Ни слезы не появилось в его глазах — ни всхлип не вырвался из его груди; легкое дрожание губ только выдавало, что внутри было сильное волнение. Когда все было кончено, и отец все еще смотрел вниз в склеп, молодой парень тихо прокрался обратно в скамью, закрыл лицо рукой и заплакал.
Последний обряд был окончен. Прах к праху, земля к земле были преданы. Сэр Джон Гастингс продел руку жены через свою и пошел тяжелым, твердым и непоколебимым шагом по проходу. Все отступили почтительно, когда он проходил; ибо обычно, даже в самых жестких сердцах, истинная печаль находит почтение. Он спустился по ступеням из церкви на кладбище и прошел полпути по дорожке к своей карете, когда внезапно высокая прямая старуха, которую я упомянул, втиснулась на его путь и обратилась к нему с холодным взглядом и несколько угрожающим тоном —
«Теперь, сэр Джон Гастингс, — сказала она, — сделаете ли вы мне справедливость насчет того клочка земли? У могилы вашего сына я прошу об этом. Рука небес поразила вас. Она может, возможно, коснуться вашего сердца. Вы знаете, земля моя. Она была взята у моего мужа узурпатором, потому что он сражался за короля, которому он дал свою веру. Она была дана вашему отцу, потому что он нарушил свою веру своему королю и принес злые дни на свою страну. Дадите ли вы мне обратно землю, я говорю? Вон, человек! Это всего лишь сад трав, но он мой, и в глазах Бога я требую его».
«Прочь с моего пути, — ответил сэр Джон Гастингс сердито. — Это ли время говорить о таких вещах? Убирайтесь, я говорю, и выберите лучший час. Вы полагаете, я могу слушать вас сейчас?»
«Вы никогда не слушали, и никогда не будете, — ответила старуха, и, позволив ему пройти без дальнейшего сопротивления, она осталась на дорожке позади него, бормоча про себя то, что казалось проклятиями горькими и глубокими, но слова которых были слышны только ей самой.
Маленькая толпа собралась вокруг нее и слушала жадно, чтобы уловить смысл того, что она сказала, но мгновение спустя старый могильщик положил свою руку на ее плечо и толкнул ее с дорожки, говоря: «Убирайся с тобой, убирайся с тобой, папистская ведьма. Какое дело тебе здесь скандализировать конгрегацию и браниться у церковной двери? Тебя следует посадить в колодки!»
«Я жалею тебя, старый червь, — ответила старуха, — ты скоро будешь среди тех, кем питаешься», — и с опущенной головой и удрученным видом она покинула церковное кладбище.
Тем временем доктор Полдинг оставался, глядя вниз в склеп, пока крепкие молодые люди, которые пришли помочь могильщику, вытаскивали широкие пеньковые ленты, которыми гроб был опущен, из-под него, устраивали его должным образом на подставках в его упорядоченном месте среди мертвых, а затем поднимались по лестнице в тело церкви, снова готовясь заменить камень над входом в склеп. Он затем повернулся к церковной двери и выглянул, а затем тихо подошел к скамье в боковом проходе.
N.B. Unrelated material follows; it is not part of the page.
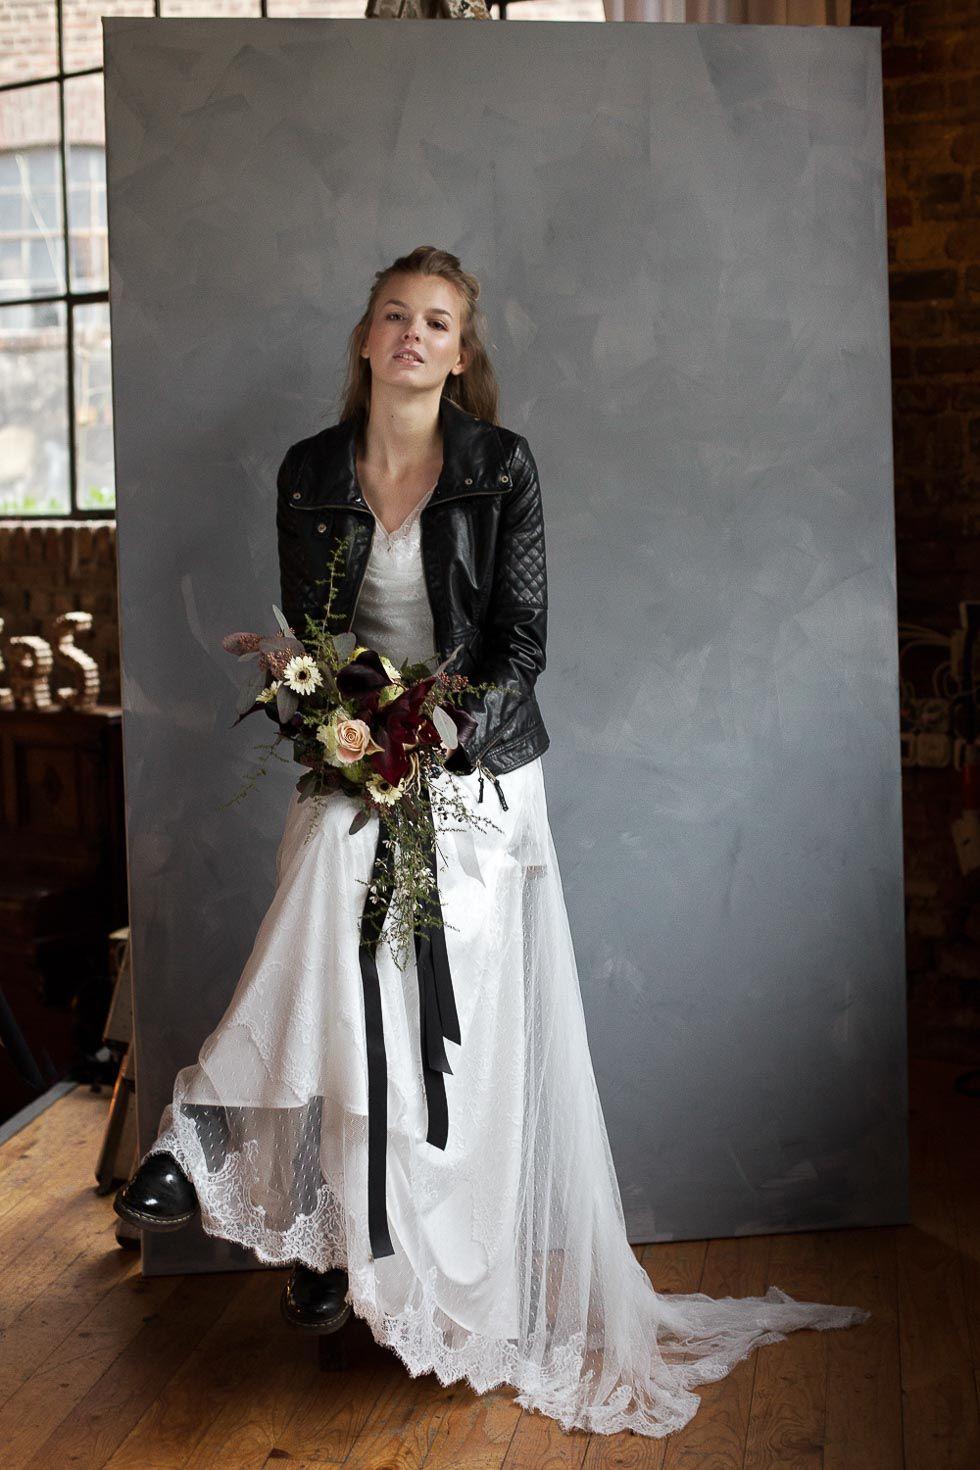 Hochzeitskonzept - Cooler Industriecharme | Rock style, Lederjacken ...

«Филипп, это очень неправильно, — сказал он; — ваш отец никогда не желал и не намеревался, чтобы вы были здесь».
«Он не запрещал мне, — ответил молодой человек. — Почему я только должен отсутствовать на похоронах моего брата?»
«Потому что вы больны. Потому что, придя, вы могли рискнуть своей жизнью», — ответил старый священник.
«Что есть жизнь перед долгом? — ответил парень. — Разве вы не учили меня, сэр, что нет земной вещи — никакого интереса этой жизни, никакого удовольствия, никакого счастья, никакой надежды, которые не должны быть принесены в жертву сразу тому, что сердце говорит, что это правильно?»
«Верно — верно, — ответил старый священник, почти нетерпеливо; — но следуя предписанию так строго, мальчик, вы должны использовать некоторую дискриминацию. У вас есть долг перед живым отцом, который имеет больший вес, чем простой воображаемый перед мертвым братом. Вы не могли сделать никакого добра последнему; как Псалмопевец мудро сказал: «Вы должны пойти к нему, но он никогда не может вернуться к вам». Вашему отцу, напротив, у вас есть высокие обязанности выполнять; утешать и подбадривать его в его нынешнем горе; утешать и поддерживать его склоняющиеся годы. Когда реальный долг представляет себя, Филипп, перед вами, перед вашими ближними, перед вашей страной или перед вашим Богом — я говорю снова, как я часто говорил, делайте его вопреки всякой возможной привязанности. Пусть он прорежет все, прорвется через каждую связь, оттолкнет каждое соображение. Там, действительно, я хотел бы видеть вас действующим как старый римлянин, которого вы так любите изучать, и быть Катоном или Брутом, если хотите. Но вы должны быть очень уверены, что вы не заставляете свою фантазию создавать нереальные обязанности и делать их более важными в ваших глазах, чем истинные. Но теперь я должен вернуть вас как можно скорее, ибо ваша мать, до того как долго, будет наверху, чтобы увидеть вас, и ваш отец, и они не должны найти вас отсутствующим по этому делу».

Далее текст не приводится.